> [Information given]:
BEGIN

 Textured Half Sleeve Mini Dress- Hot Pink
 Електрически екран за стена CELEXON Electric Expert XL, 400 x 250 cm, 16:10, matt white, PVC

END
BEGIN

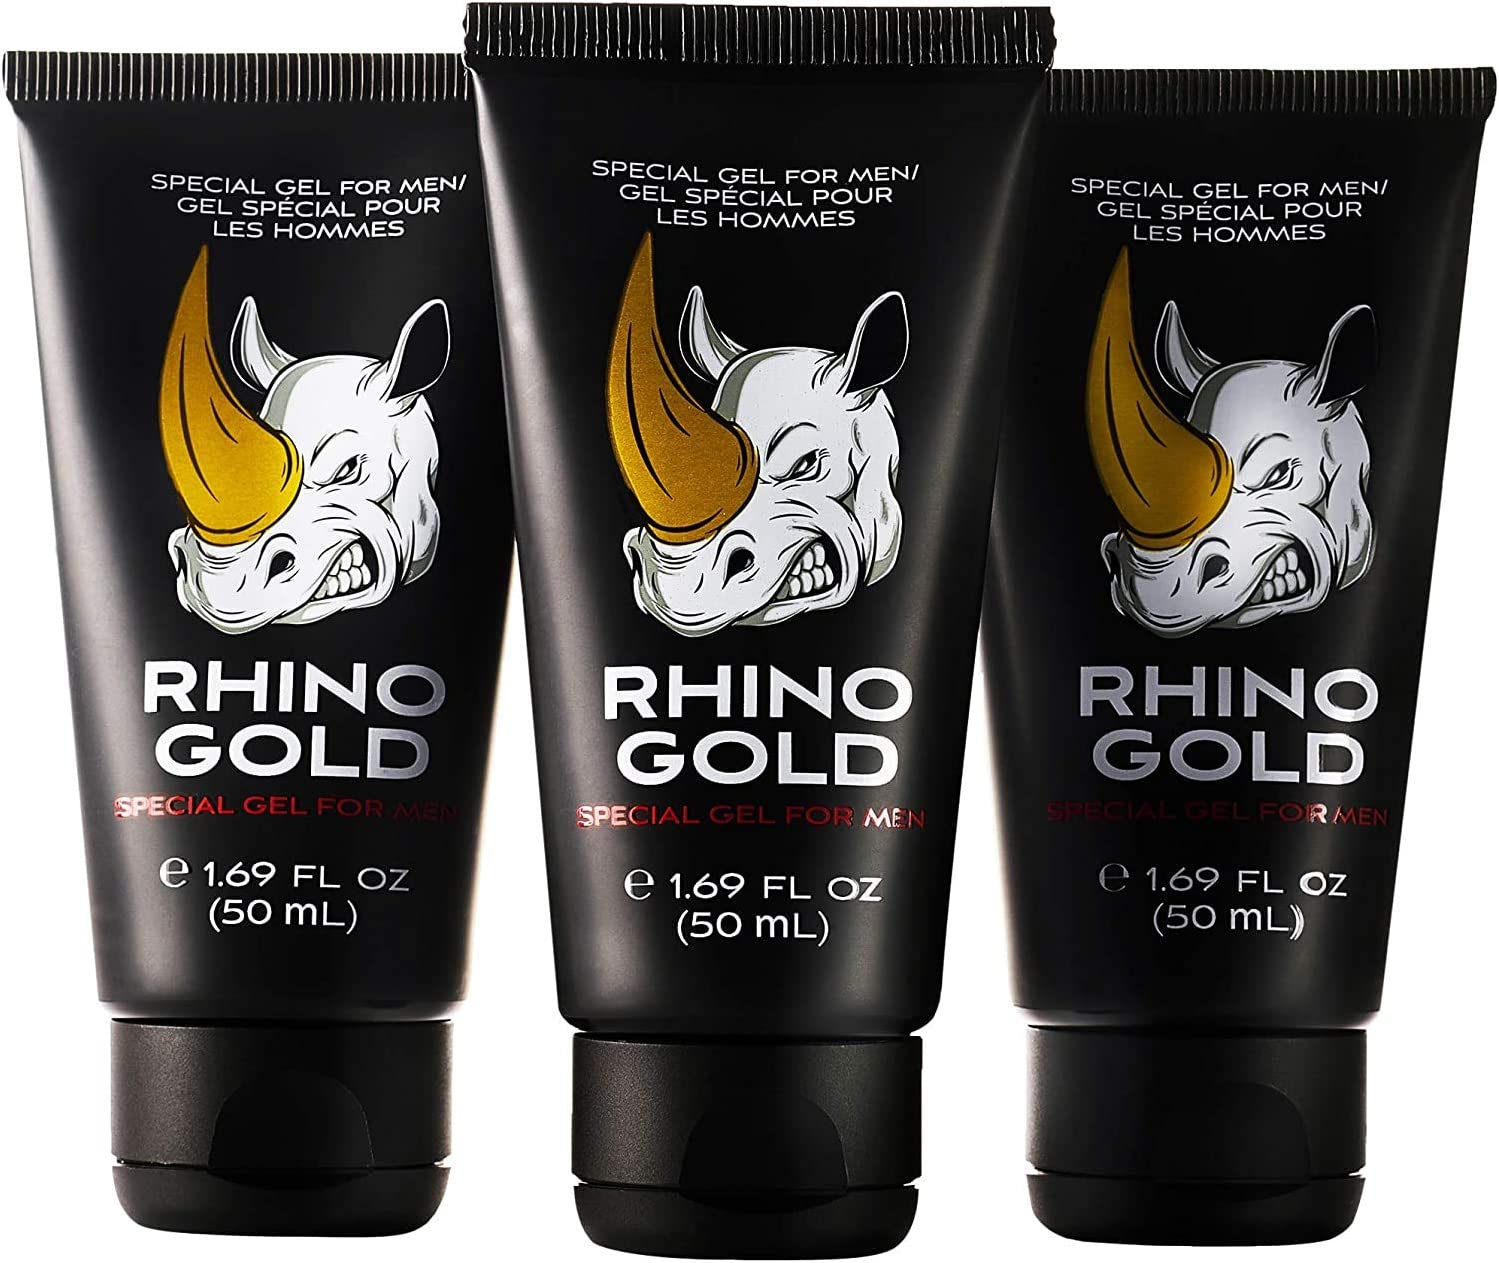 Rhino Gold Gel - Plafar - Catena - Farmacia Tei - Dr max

END

An exact copy of the lines above, from the one containing "Textured Half Sleeve Mini Dress- Hot Pink" down to the one containing "Електрически екран за" and including both, is the whole answer; retype it and nothing else.

 Textured Half Sleeve Mini Dress- Hot Pink
 Електрически екран за стена CELEXON Electric Expert XL, 400 x 250 cm, 16:10, matt white, PVC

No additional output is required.